The influence of β-blockers on the contingent negative variation (CNV) has been investigated in several studies. The CNV is a slow cortical event-related potential that is recorded from the scalp between two stimuli while a subject is waiting for the second event and preparing for task performance (7). This potential is related to the level of cortical excitability following activation in the striato-thalamo-cortical loop and reflects different stages of information processing (8). Migraine patients are characterized by increased amplitudes and reduced habituation of the CNV, especially of its early component (9–11). The CNV may represent the attack anticipation because its amplitude and habituation change during the headache-free interval. There is a gradual increase of abnormalities a few days before a migraine attack, so that the maximal negativity and the most pronounced loss of habituation may be observed just before an attack (12).

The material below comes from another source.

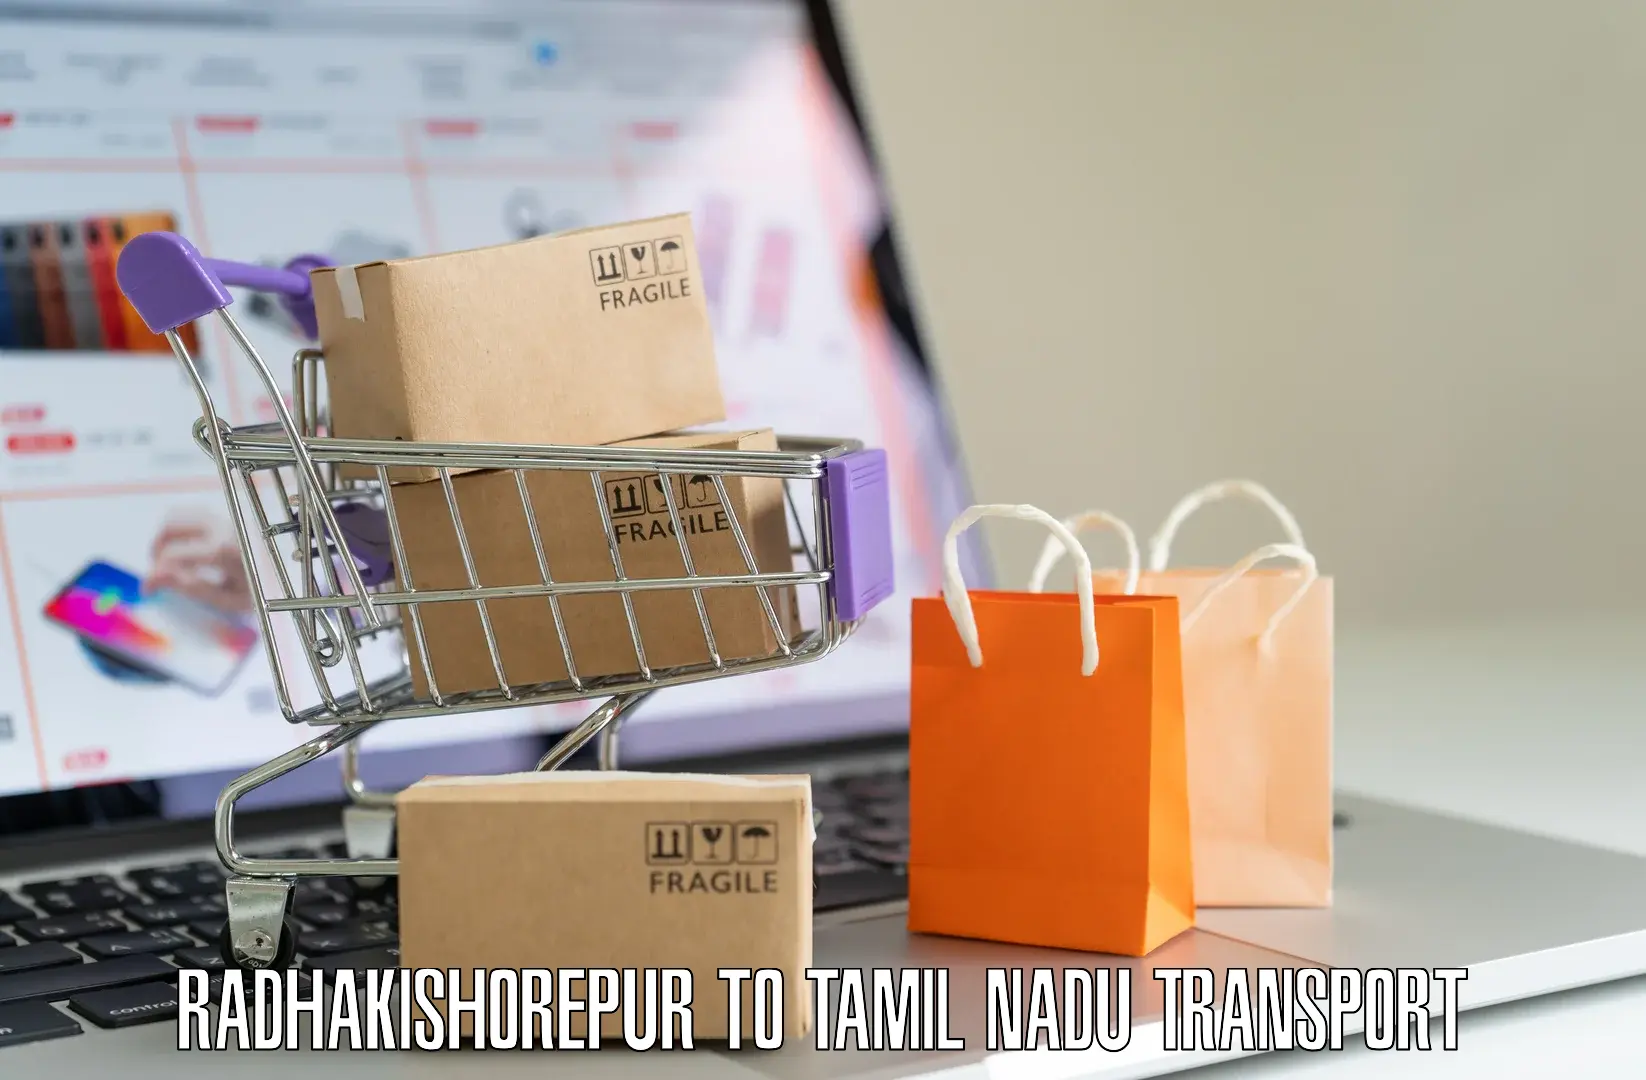 Shipping partner Radhakishorepur to Tamil Nadu

Maertens de Noordhout et al. have shown CNV normalization in response to β-blockers, which is consistent with central adrenergic hyperactivity in migraine (13). Migraineurs with elevated CNV scores have a much better response to β-blocker therapy (80% effective) than migraineurs with a low or normal score (22% effective), suggesting that the CNV may predict the efficacy of treatment with β-blockers (14). Ahmed (15) replicated the results of Maertens de Noordhout and demonstrated a significant decrease of the CNV amplitude during treatment with β-blockers. The clinical efficacy of β-blockade corresponded to the normalization of the CNV amplitude.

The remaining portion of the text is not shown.